Trois questions à Mgr Rey qui publie un ouvrage intitulé Le Prêtre
La fidélité chrétienne doit s’appuyer sur celle du Christ à l’égard de son Eglise pour laquelle Lui-même s’est livré jusqu’à donner sa vie. Il existe des figures de fidélité qui soutiennent et stimulent la nôtre. Je pense à mes parents dont le témoignage de 70 ans de vie commune m’a montré que amour rime avec toujours.
La fidélité se construit au quotidien. Les grandes fidélités se déploient à partir des petites fidélités vécues au jour le jour : fidélité à la prière, aux amitiés, aux engagements. Paradoxalement, alors que notre culture prône « l’infidélité » toujours en quête de nouvelles expériences, le zapping perpétuel et ses attachements successifs et contractuels, l’homme contemporain est en recherche d’ancrage profond et durable, d’un amour qui ne faillit point.
Toute fidélité est un art de vivre avec le temps : au-delà de l’éphémère nous cherchons à construire sur de l’invariant, sur des permanences. Et c’est là que nous pouvons rencontrer le Christ : « Le ciel et la terre passeront ; mes paroles ne passeront point. »
Parmi les trois postures « frère, père et époux » (p. 84) que le prêtre est invité à incarner, laquelle vous semble la plus difficile, et peut-être aussi la plus urgente, à assumer dans notre contexte occidental ?
La posture du frère est fondatrice des deux autres. Comment peut-on exercer une paternité sinon à l’intérieur d’une fraternité commune ? Comme chrétiens nous la recevons au baptême. La dimension sponsale est aujourd’hui la plus incomprise. C’est à partir d’elle que prennent sens le célibat du prêtre et son attachement indéfectible à l’Eglise dont il est le ministre. Car il tient la place du Christ époux.
La dimension de la paternité me paraît une urgence et un défi dans un contexte où les figures de paternité sont mises en cause dans les modèles sociaux en raison du délitement de la famille et de la démission de l’autorité. « Une société sans père est une société sans repère », disent les psychosociologues. C’est en donnant sa vie à l’exemple du Christ et jusqu’à la perte de soi que l’on peut donner la vie.

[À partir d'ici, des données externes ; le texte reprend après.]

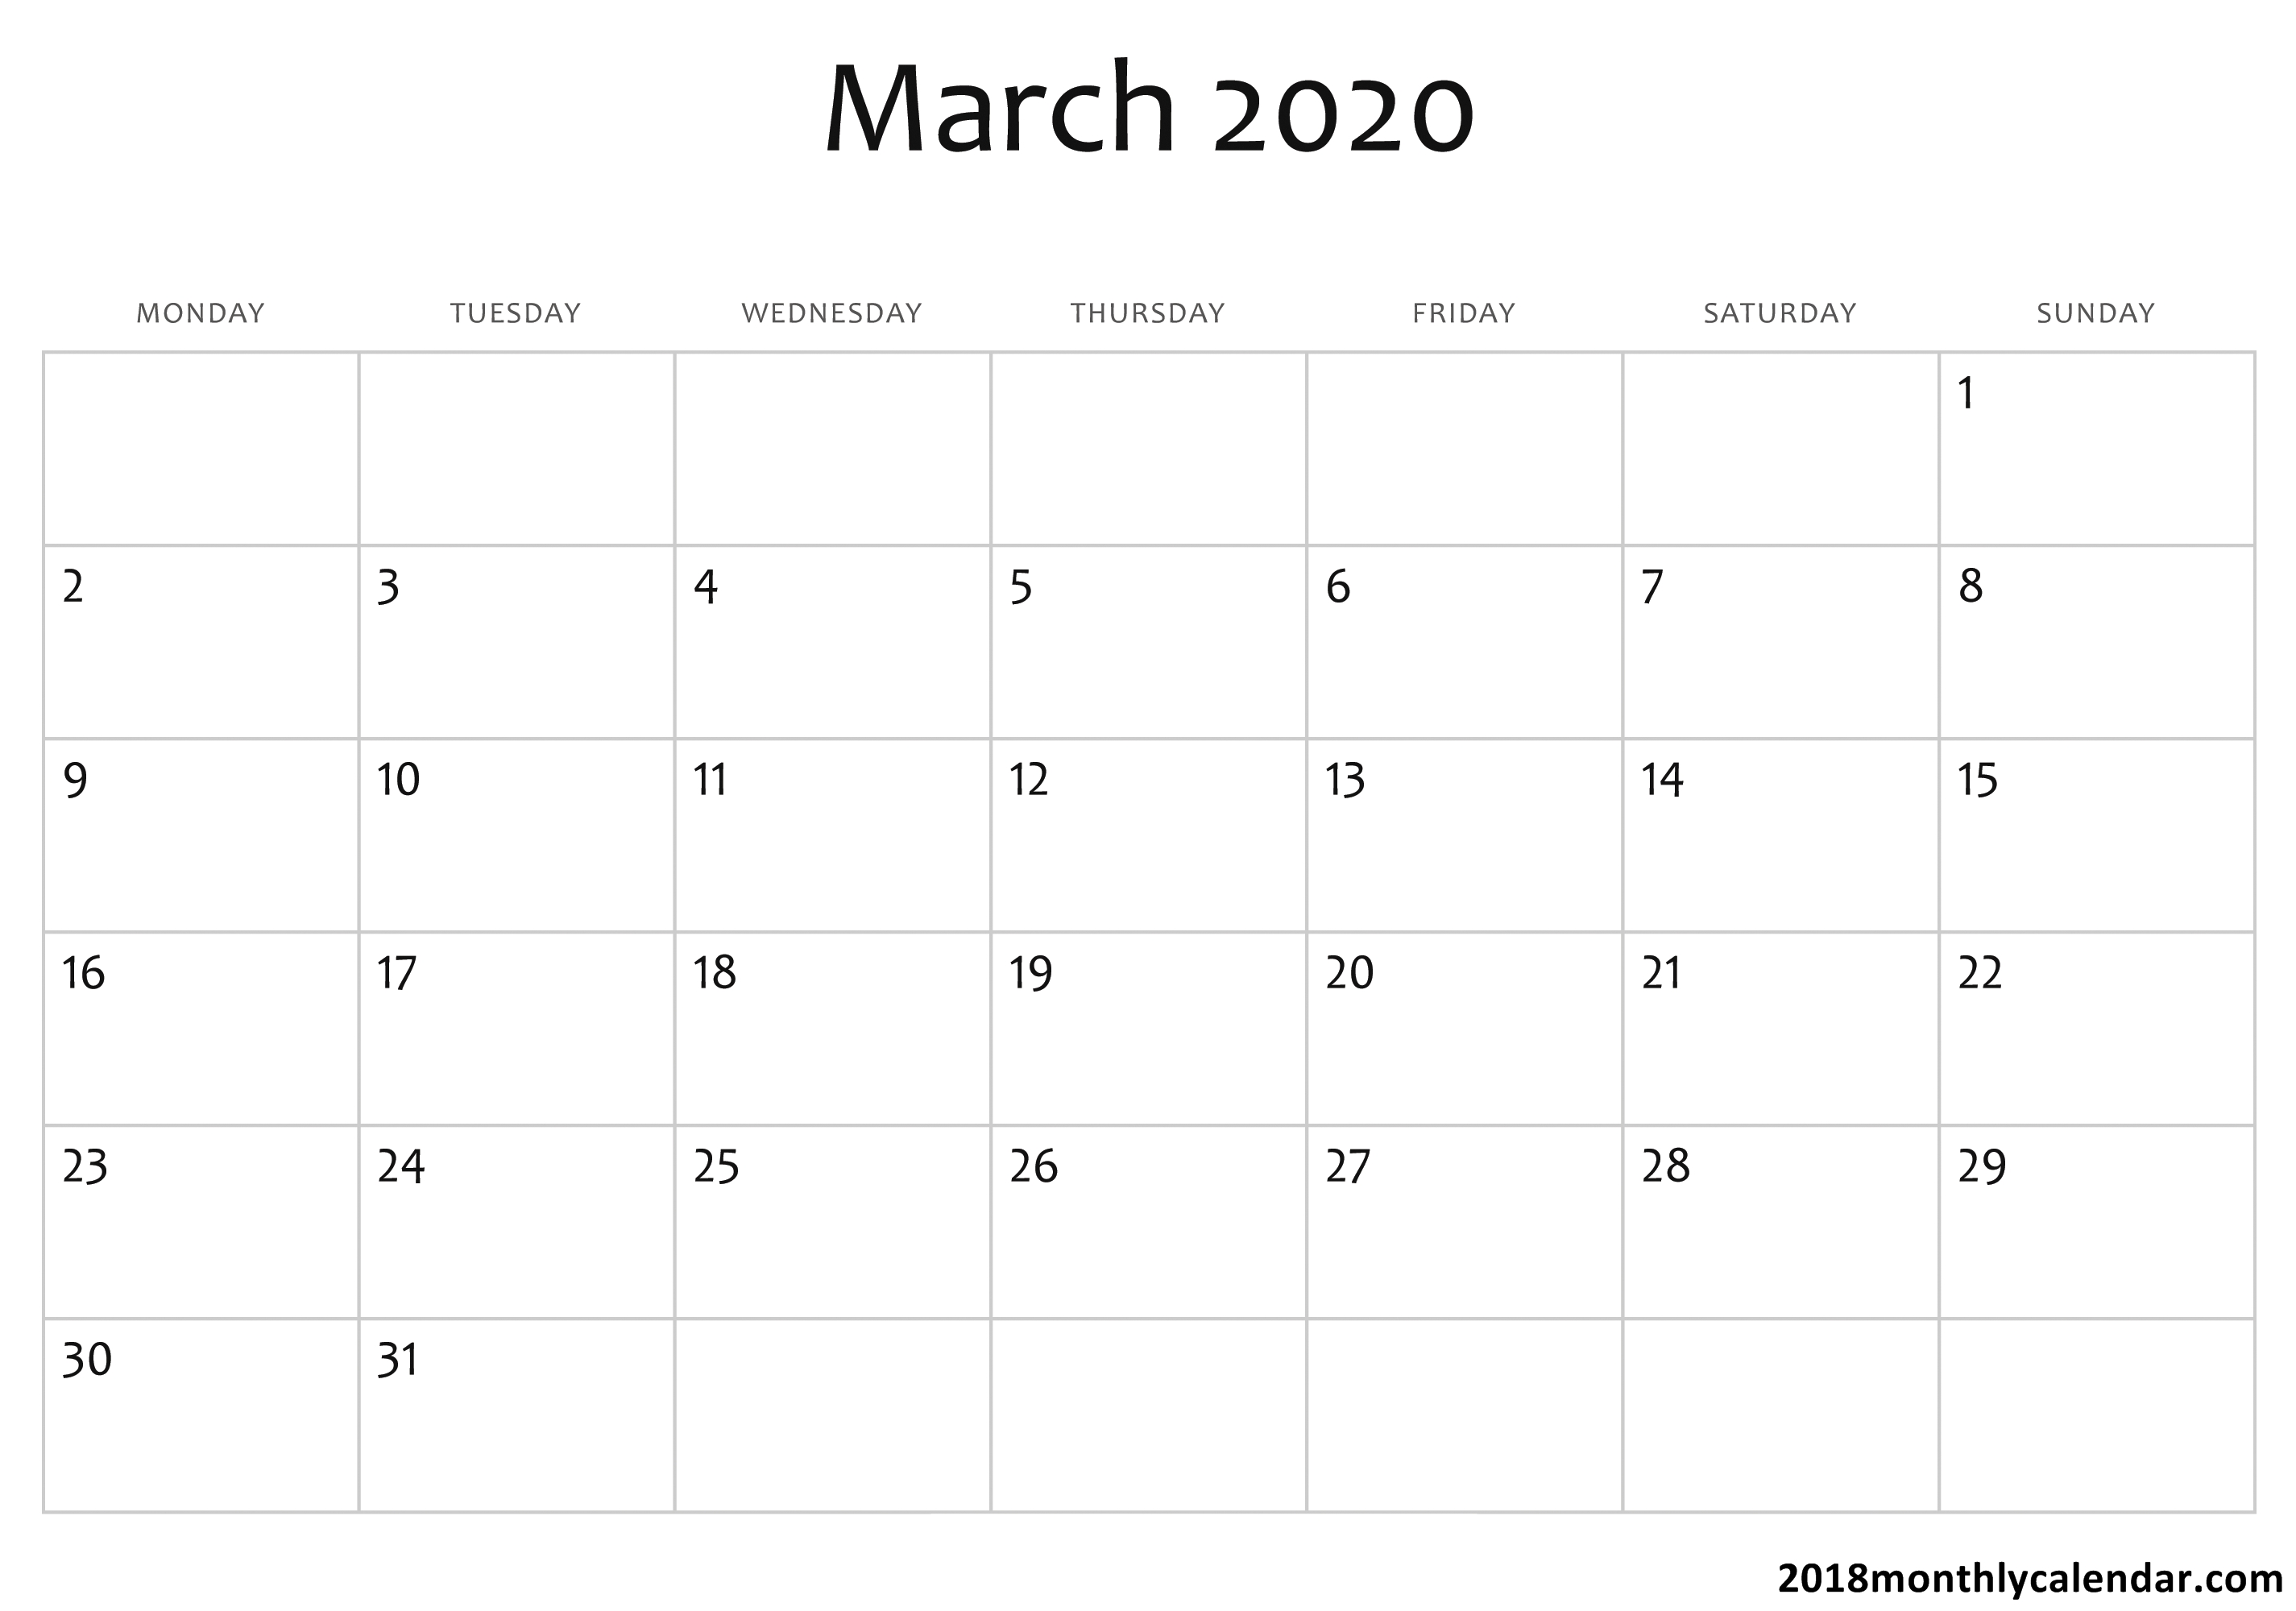 Download March 2020 Calendar – Blank &amp; Editable within Blank 2020 Calendars To Edit

La paternité chrétienne est sacrificielle, mais elle est source de joie.
Vous dites page 118, que l’ordination sacerdotale députe à l’espérance. Quel message voudriez-vous partager aux confrères les plus éprouvés par le chemin de la vie et de la mission?

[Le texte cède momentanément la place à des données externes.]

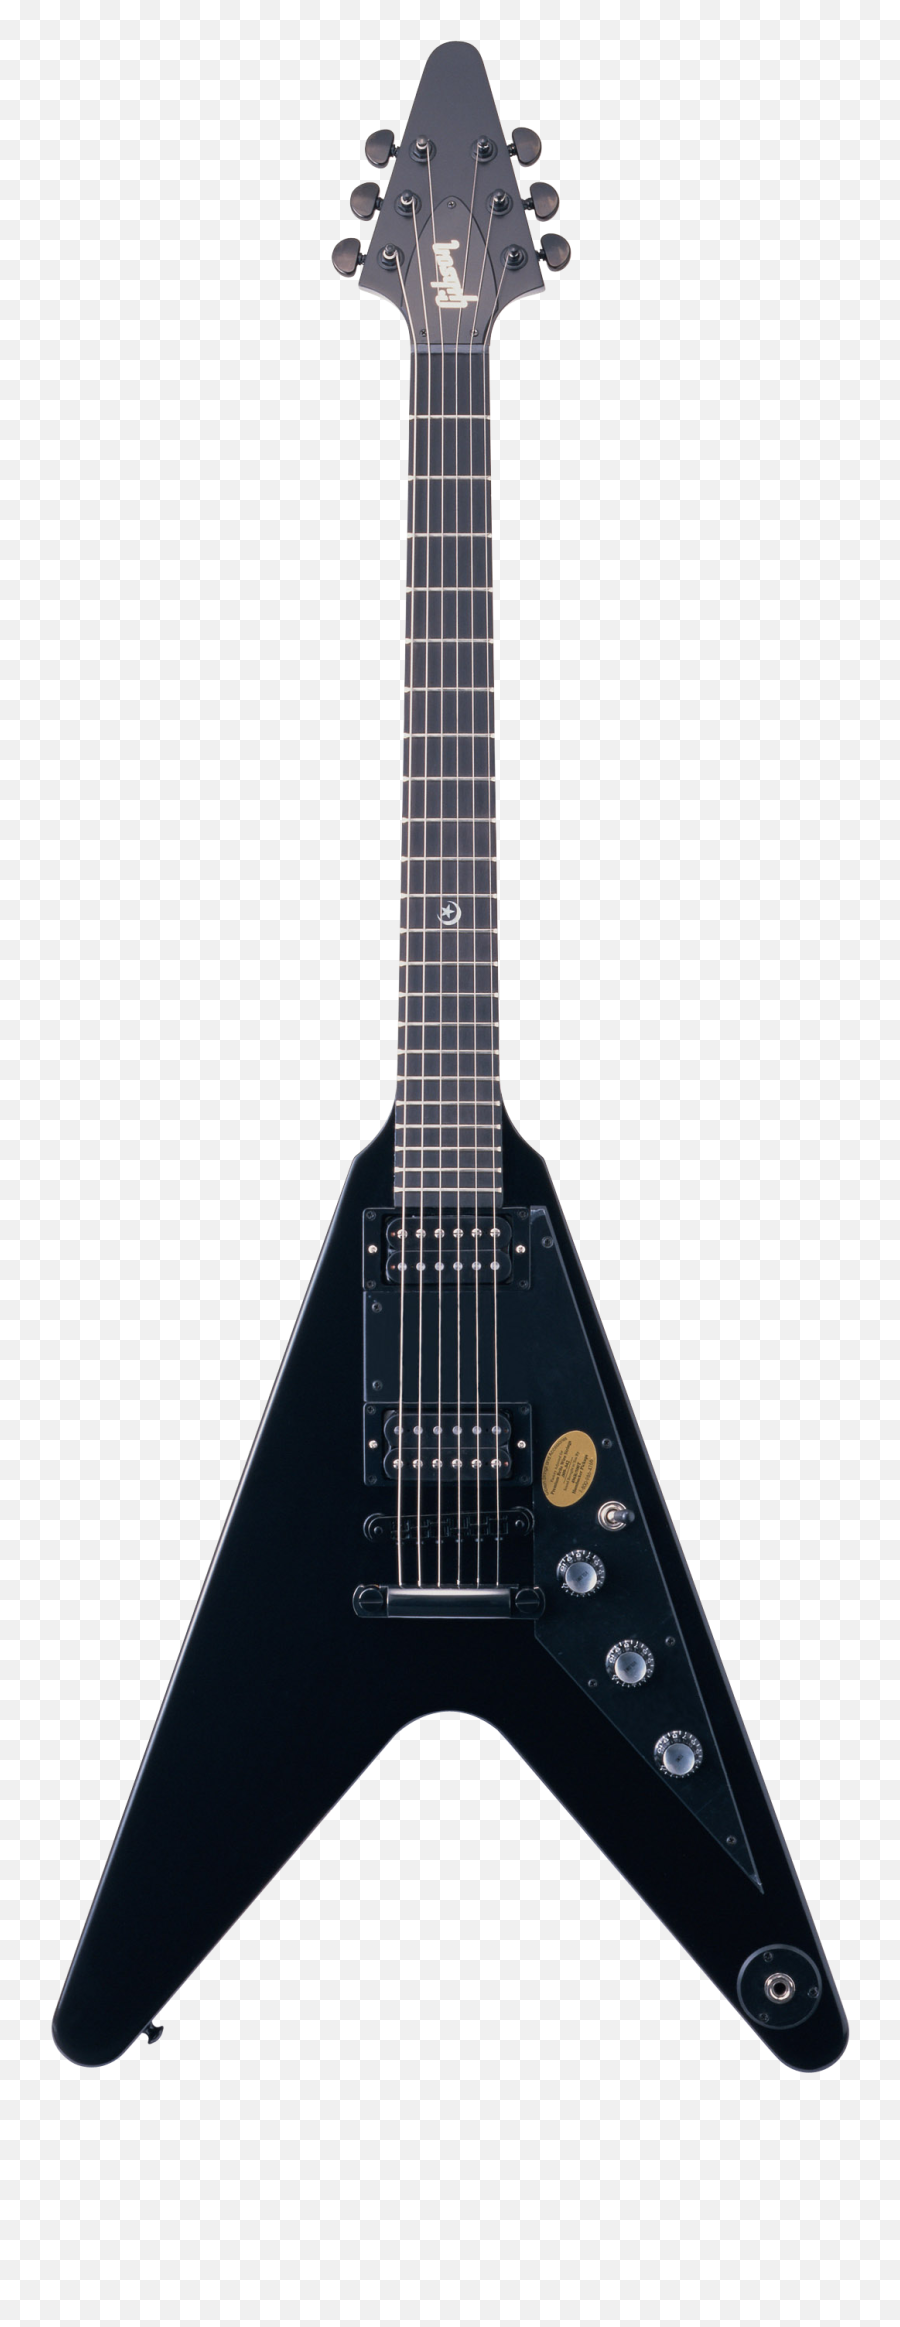 Guitar Png Images Free Picture Download - Gibson Flying V Melody Maker,Guitar Png

Face à leurs propres difficultés et aux résistances du terrain, certains prêtres désespèrent de leur ministère. Ils ne voient guère les fruits de leur apostolat et sont confrontés à l’indifférence, parfois au mépris. On ne peut pas porter tout seul « la charge de l’espérance ». Le lien av ec les laïcs, le soutien des frères prêtres me semblent indispensables pour nous maintenir dans une ferme espérance et éviter que le ministère se déploie dans une fuite en avant perpétuelle ou la recherche de consolations qui nous déportent de la mission que l’Eglise attend de nous. L’espérance chrétienne se nourrit de prière. Elle est confiance en la présence de Dieu qui se sert de nos talents mais aussi de nos fragilités.
L’espérance est un don et une responsabilité. Pour le prêtre, elle consiste aussi à porter ceux qui l’ont perdue.
Elle est enfin certitude qu’à travers les combats, le Ressuscité est au bout du chemin !…
Les bénéfices de la vente du livre sont entièrement reversés au Séminaire diocésain de La Castille.